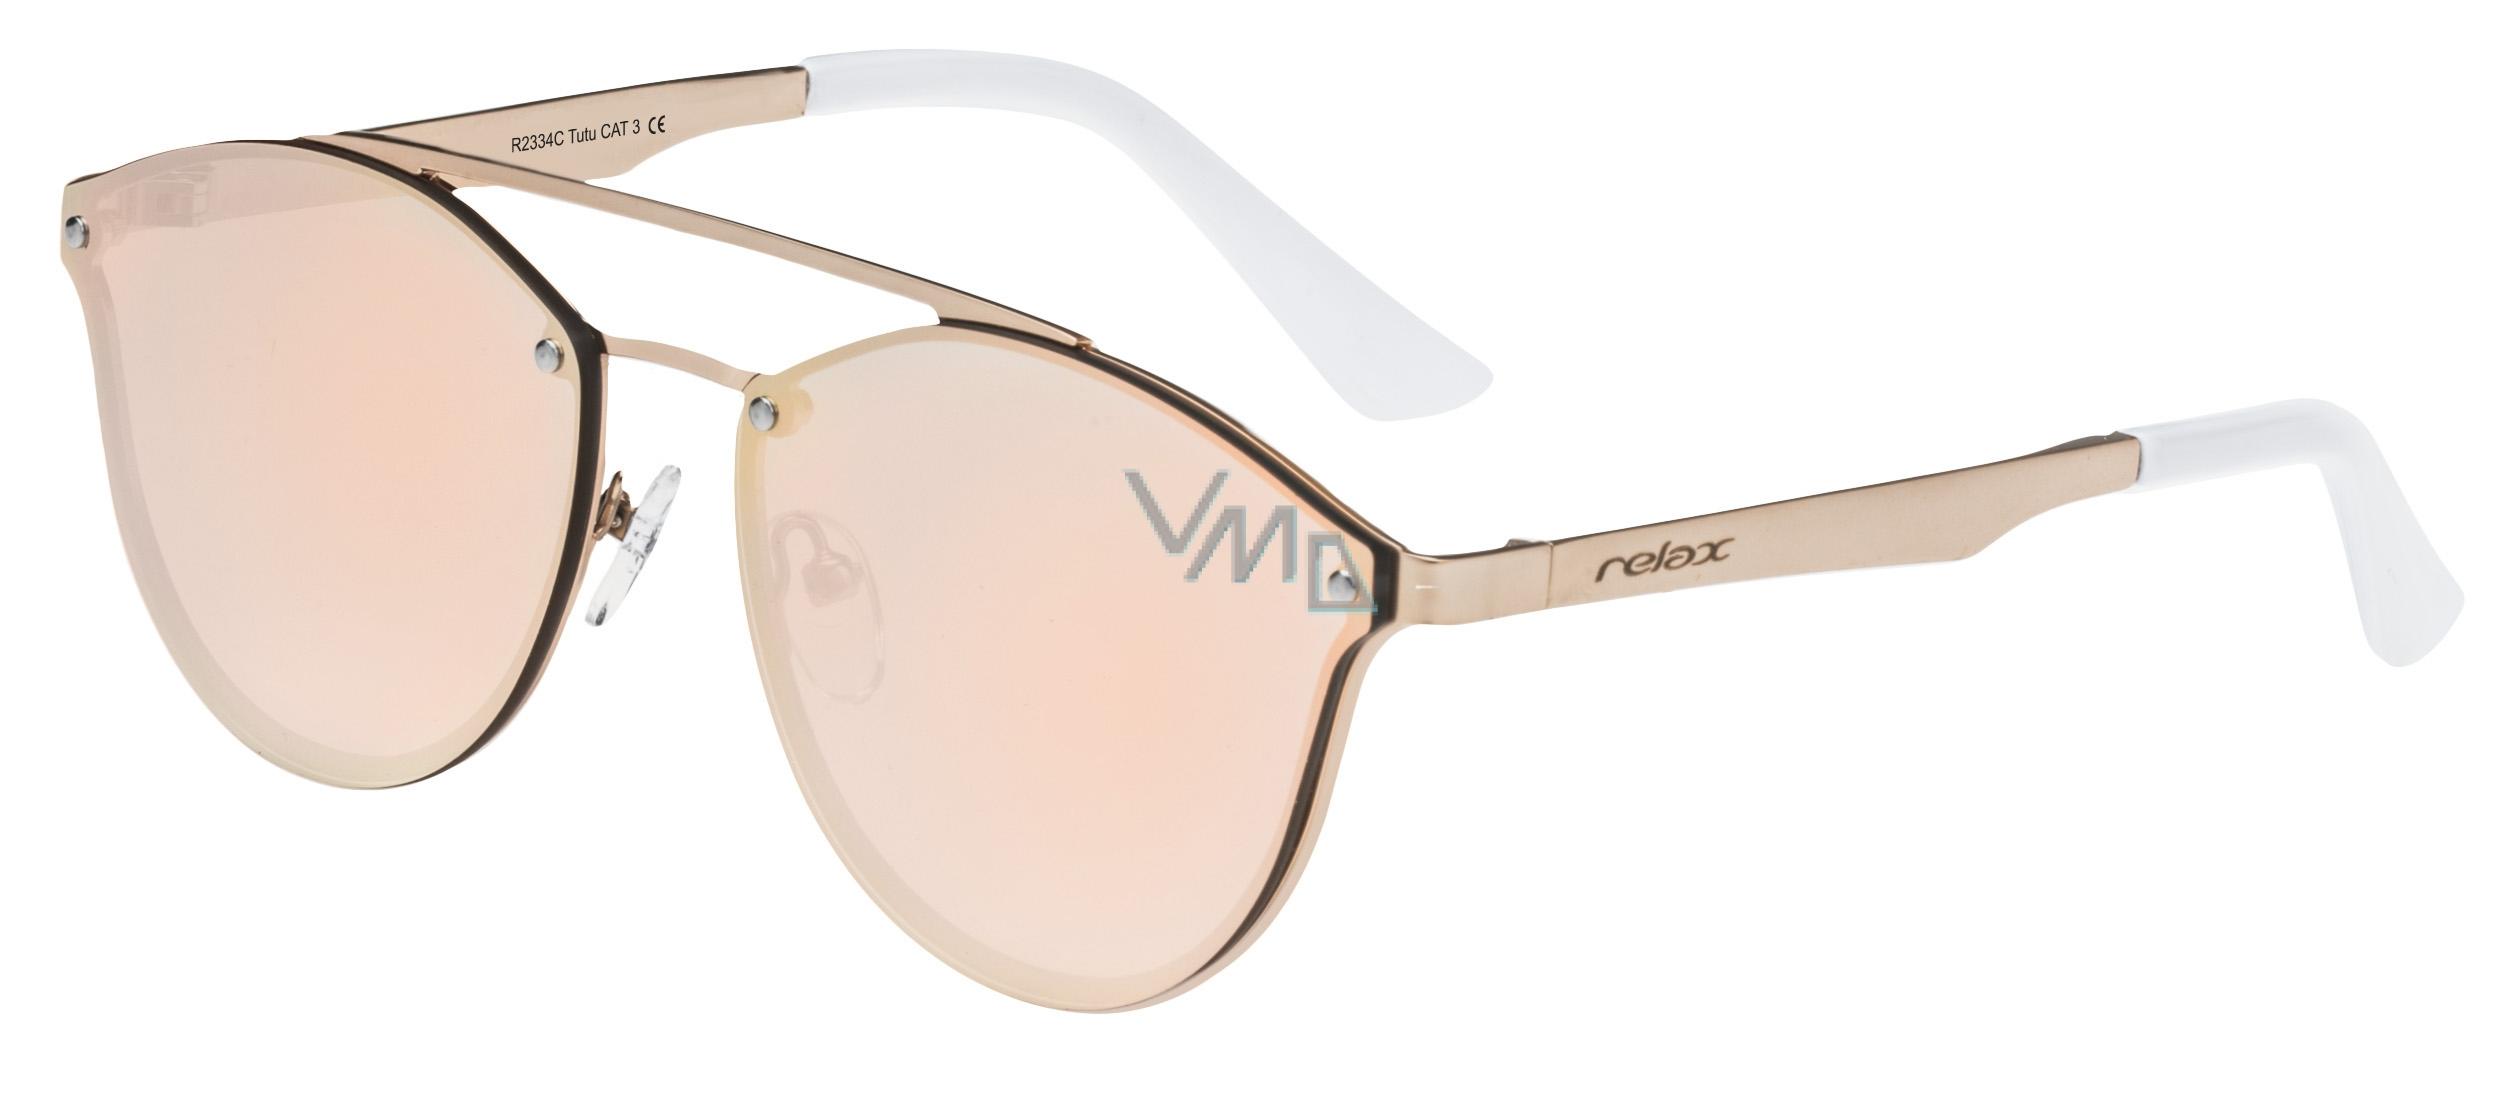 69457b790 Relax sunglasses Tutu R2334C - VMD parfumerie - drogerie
____________
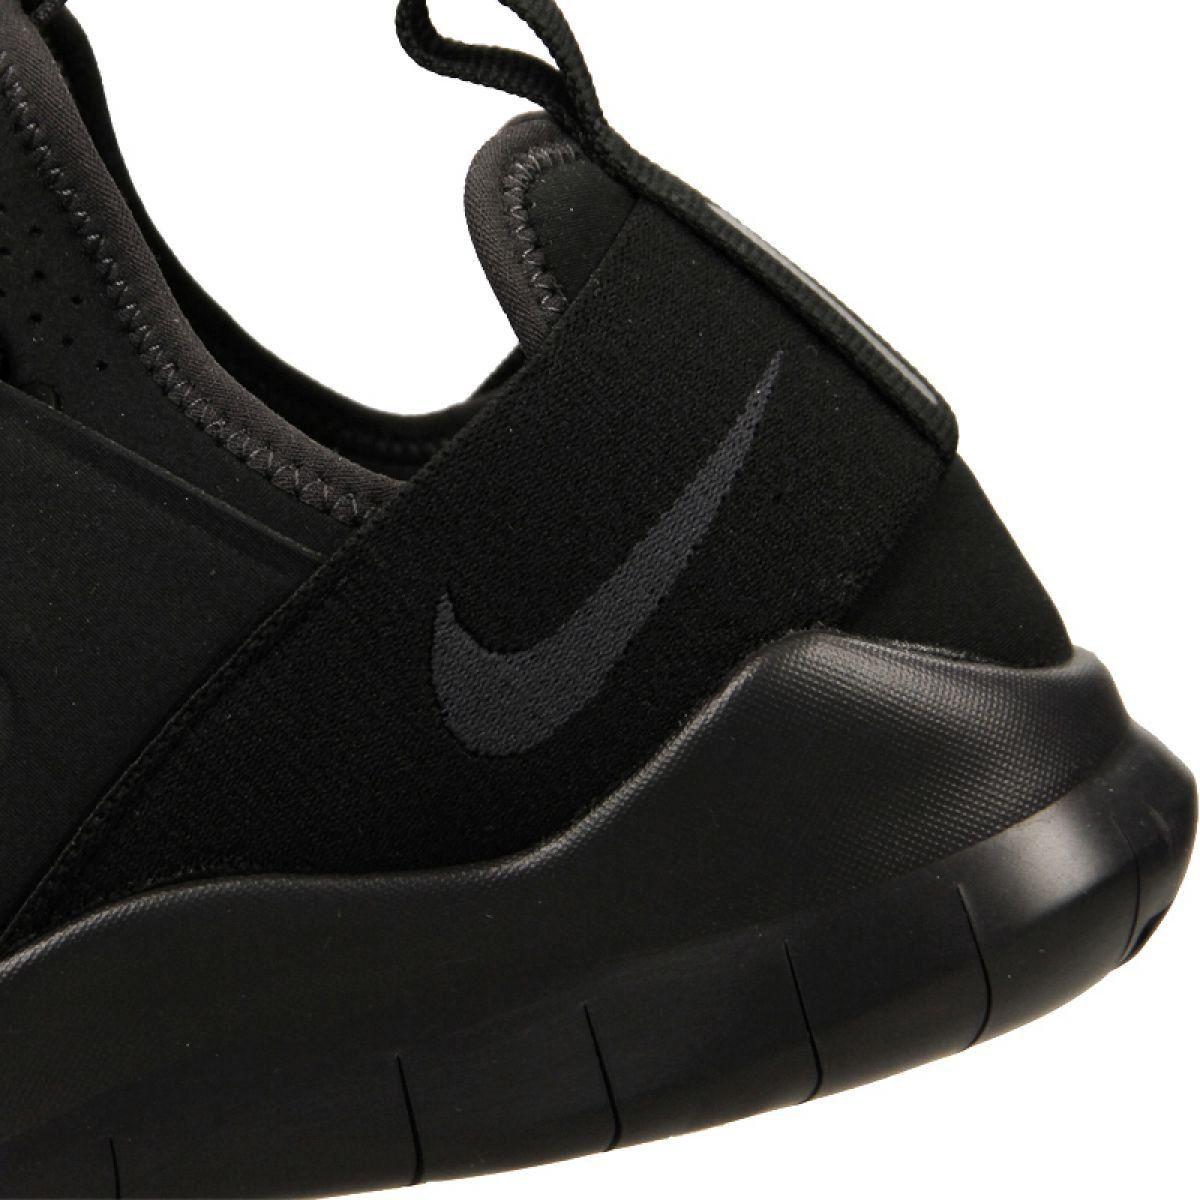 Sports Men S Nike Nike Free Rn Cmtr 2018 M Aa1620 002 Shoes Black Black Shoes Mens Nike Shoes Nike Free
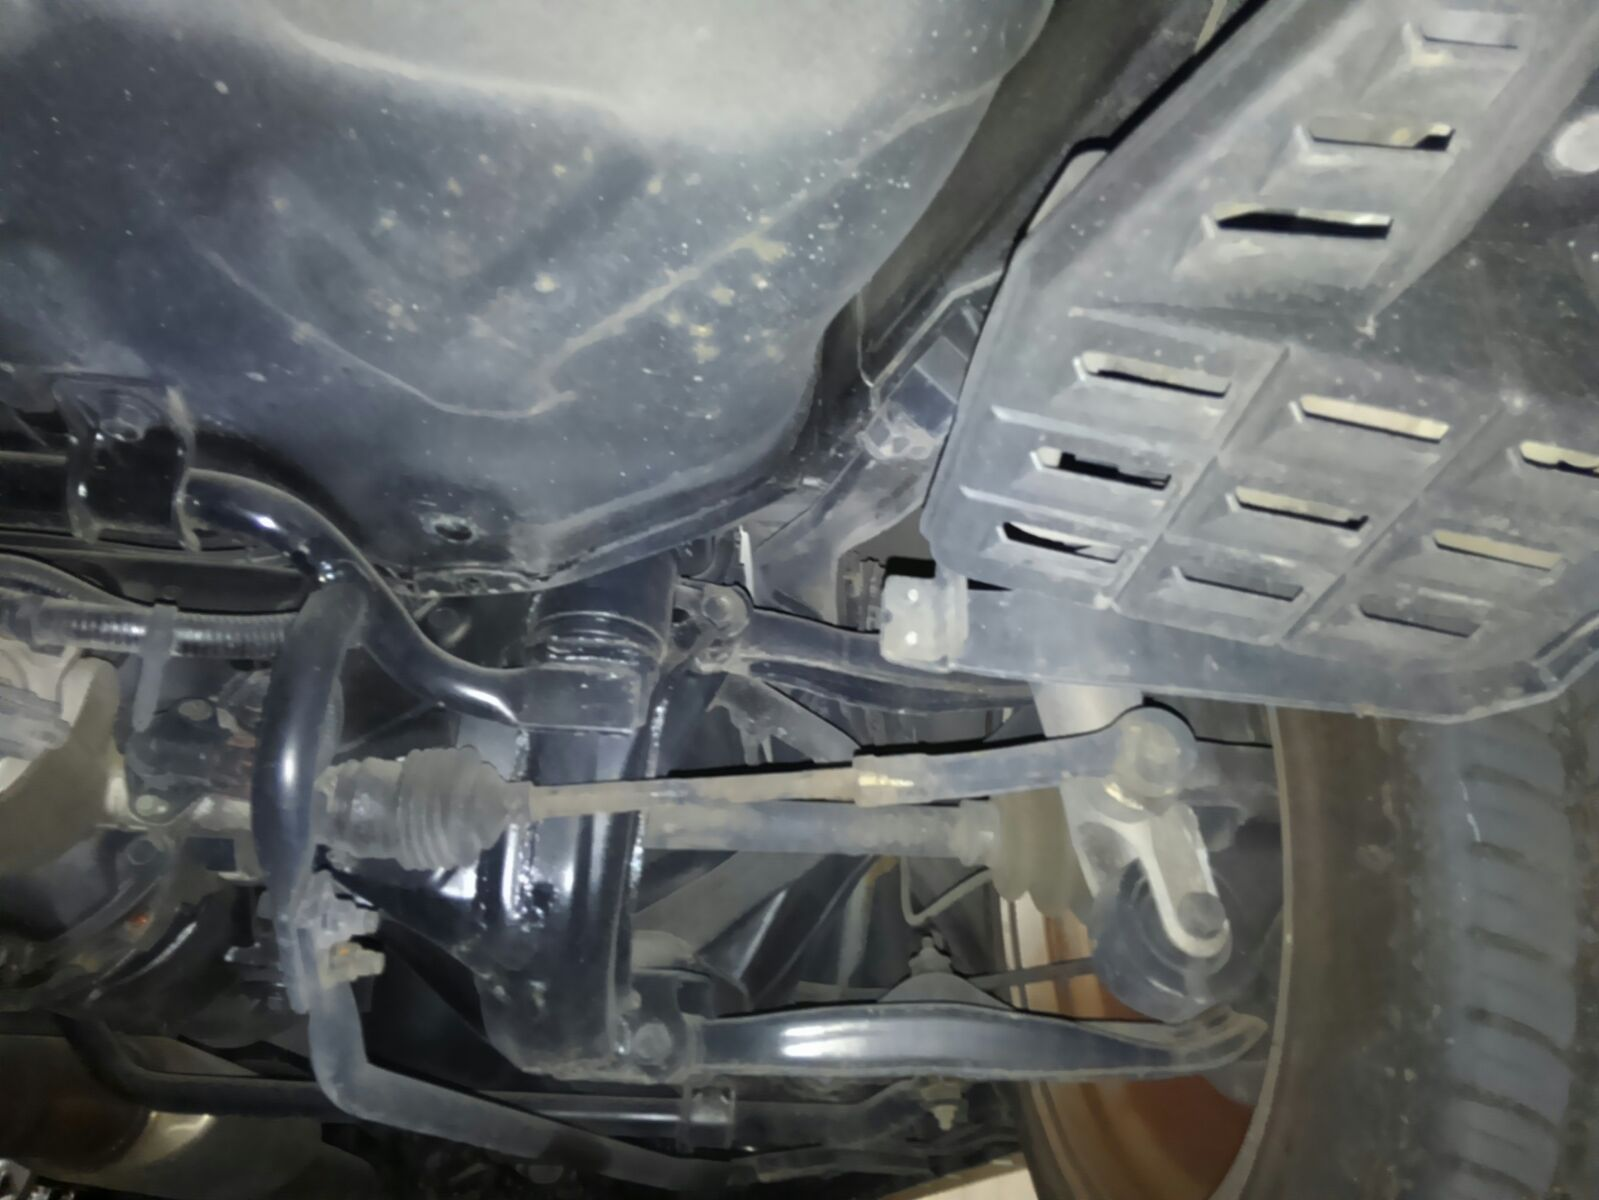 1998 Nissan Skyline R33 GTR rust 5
____________
Goal of the exercise: All that should appear in the answer is the lines above from the line with "Sports Men S" through the line with "1998 Nissan Skyline R33 GTR rust 5", retyped exactly, pictures left out.

Task response:
 Sports Men S Nike Nike Free Rn Cmtr 2018 M Aa1620 002 Shoes Black Black Shoes Mens Nike Shoes Nike Free
 1998 Nissan Skyline R33 GTR rust 5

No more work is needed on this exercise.